[Tweeters] Three Kinds of Birds

Jeff Gibson gibsondesign at msn.com
Wed Nov 26 04:53:12 PST 2014

Still here at my parents home in Port Townsend , where we all continue to watch birds - in our own different ways.
A few days ago, while sitting at the kitchen table Dad noted, "Oh there's Mom's duck", as a big Glaucous-winged Gull landed on the deck rail just outside the window.
Now, a visiting Social Worker, or somebody who only knows Dad as someone with dementia, might chalk up this statement as another 'Alzheimer's moment", but they would be wrong about that. It's just another example of Dad's "Three Kinds of Birds" theory. It's really more of a proposal, guess.
You see, about 40 years ago Dad came up with his classification system, possibly as an antidote to hearing too many overbearing bird reports from his bratty bird- know-it-all son (me)." Nobody likes a know-it-all" was an oft-used phrase in our family, since we all have forms of that particular behavioral dysfunction.
"Well" Dad would state, in his droll way, "you know, there's three kinds of Birds - sparrows, ducks, and hawks." And Dad was always able, somehow, to fit any visible bird into one of those categories. Small birds were sparrows; many waterbirds, like a gull, could be put in the duck section; and eagles, ospreys, owls,etc could be hawks. You can see the logic, or whatever, of his idea, maybe. Dad did adjust his list occasionally, like substituting robins for sparrows etc. - but there could only be three birds at a time.
Usually the duck category stayed there, as a nod to Mom, the duck freak. Mom has a pretty nice collection of decades worth of wooden, metal, ceramic, and stone, ducks that cover many of the the available horizontal surfaces here in their home.
Back to the big Gull on the deckrail. "Oh, that's my little buddy!" Mom chirped, and went looking for some more goodies to give it. The gull is so well trained (it doesn't take much), that now it is often stalking us down the deckrail as we walk past the view windows in the living room, around into the kitchen - the deckrail gives a great interior view of the house for the feathery ,spying, Pooparazzi.
Particularly well lit in the afternoon sun, the big gull was leaking an inordinate amount of nasal drip (draining the gland they have that desalinates sea water) - shaking it's head and spraying the stuff all over.
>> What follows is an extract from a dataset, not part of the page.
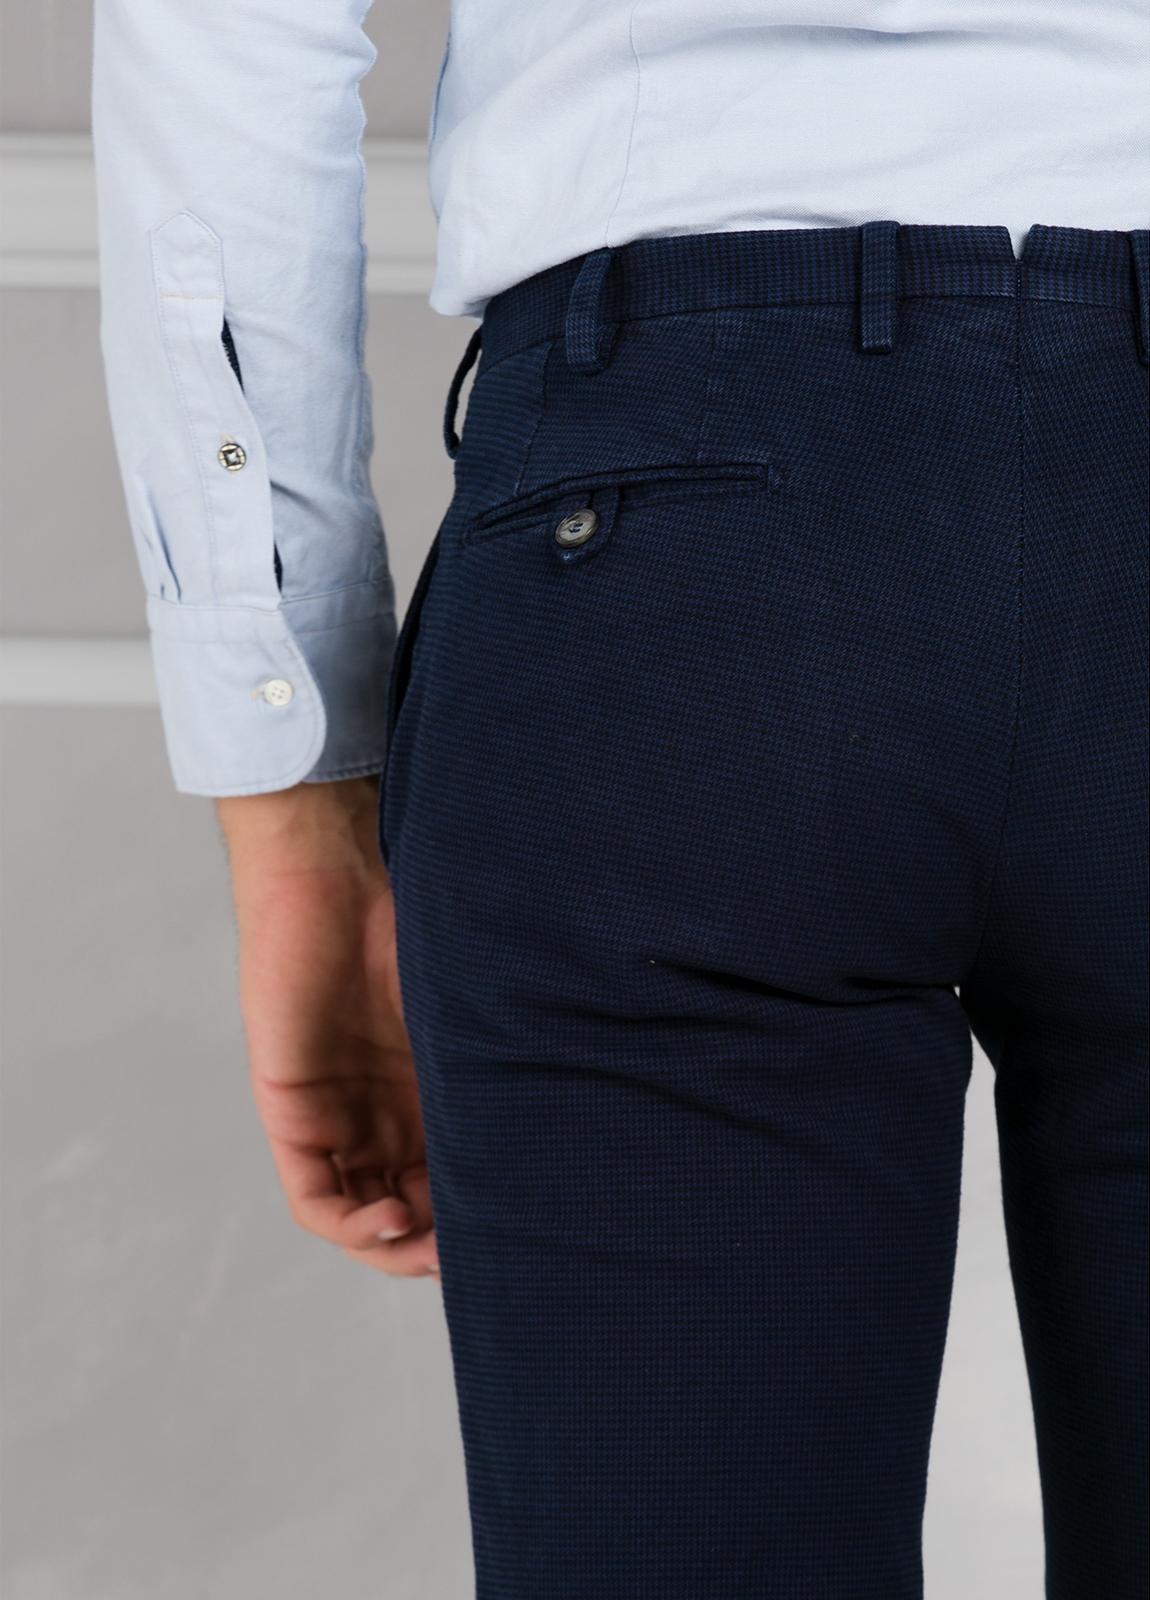 Pantalón sport pata de gallo slim fit color azul marino. 98% Algodón 2% Elastano. - Ítem2

While intently mooching at us through the window, the gull was briefly distracted by three yellowjackets that were trying to land on it's big pink foot. It was sort of doing 'the two-step' trying to shake off the bugs, until finally, the bird nabbed a wasp right out of the air and swallowed it. "Hey, he just ate a bug!", Dad noted. An Anna's hummingbird slurping at the feeder - about two feet away- seemed to be ignoring the whole scene.